A Lewis Hamilton non basta umiliare le Ferrare in pista. Il sei volte campione del mondo, dopo aver vinto il Gp di Stiria (con le rosse che si sono autoeliminate al primo giro), si è scagliato contro meccanici e dirigenti ferraristi per non essersi inginocchiati durante l’inno a fine corsa, a differenza di quanto fatto invece dal team Red Bull. “Abbiamo visto i meccanici della Red Bull inginocchiarsi ed è stato bellissimo, ma guardate la Ferrari: ci lavorano migliaia di persone e da parte loro non ho sentito nessuna parola, nessuna assunzione di responsabilità sul tema“. Dunque Hamilton, paladino dell’antirazzismo nel circus della Formula Uno, bacchetta la Ferrari in quanto non starebbe facendo abbastanza contro il razzismo. 
 
Hamilton chiede alla Ferrari di “fare di più” contro il razzismo 
Hamilton è convinto che Maranello non farà nulla “nemmeno in futuro. Invece serve che la Formula 1 e la FIA siano ancora più coinvolti, abbiamo bisogno delle squadre, occorre che tutti facciano squadra. Alcuni mi hanno chiesto ‘Per quanto tempo dobbiamo continuare a inginocchiarci?‘, insomma c’è molto lavoro da svolgere per la Formula 1, la FIA deve farne parte e penso che lo stesso valga per i piloti, anche perché abbiamo la voce e le piattaforme per farlo”. Insomma uno degli sportivi più ricchi del mondo sta conducendo questa battaglia cruciale per sensibilizzare il dorato mondo della Formula 1 contro il razzismo. Del resto la scuderia di Hamilton, la Mercedes, aveva dato un segnale fortissimo con la svolta “black” della propria livrea. 
 
Leclerc nel mirino di Hamilton? 
E’ probabile che Hamilton, nel criticare i meccanici della rossa, volesse in realtà mandare un messaggio a Charles Leclerc, pilota ferrarista che ha deciso, pur ribadendo di essere contro il razzismo, di non inginocchiarsi.  

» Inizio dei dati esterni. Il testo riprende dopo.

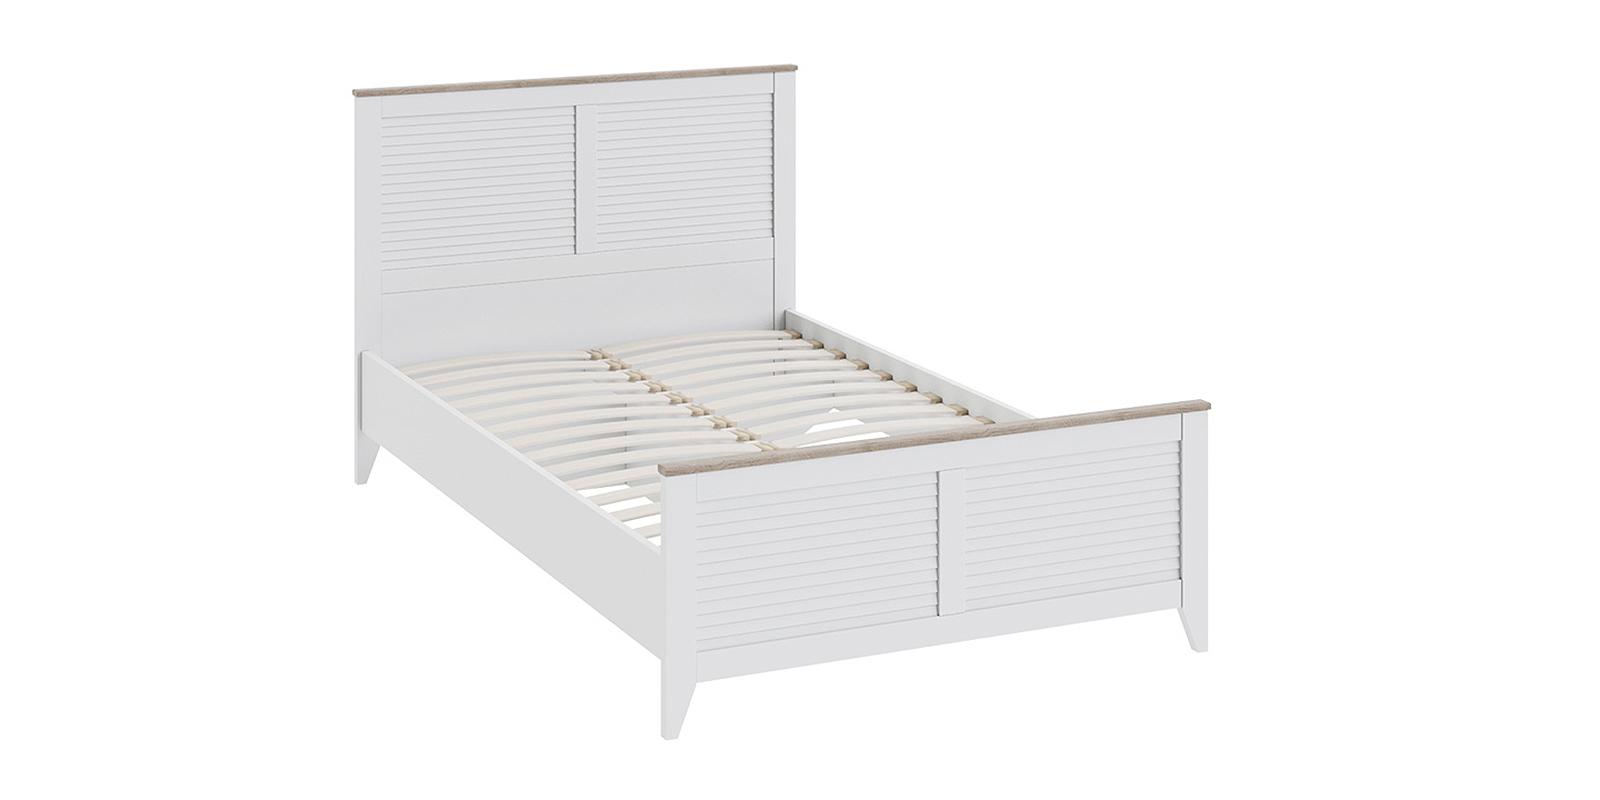 Кровать односпальная Мерида без подъемного механизма (дуб бежевый/белый)

Anche altri piloti, tra cui Max Verstappen, hanno deciso di non inginocchiarsi.  
Un comportamento che probabilmente non farà piacere al paladino milionario dell’antirazzismo, Lewis Hamilton.  
 
Ad ogni modo tutti i piloti hanno indossato la maglietta “End Racism”, compresi i ferraristi. Ma questo al sei volte campione del mondo probabilmente non basta.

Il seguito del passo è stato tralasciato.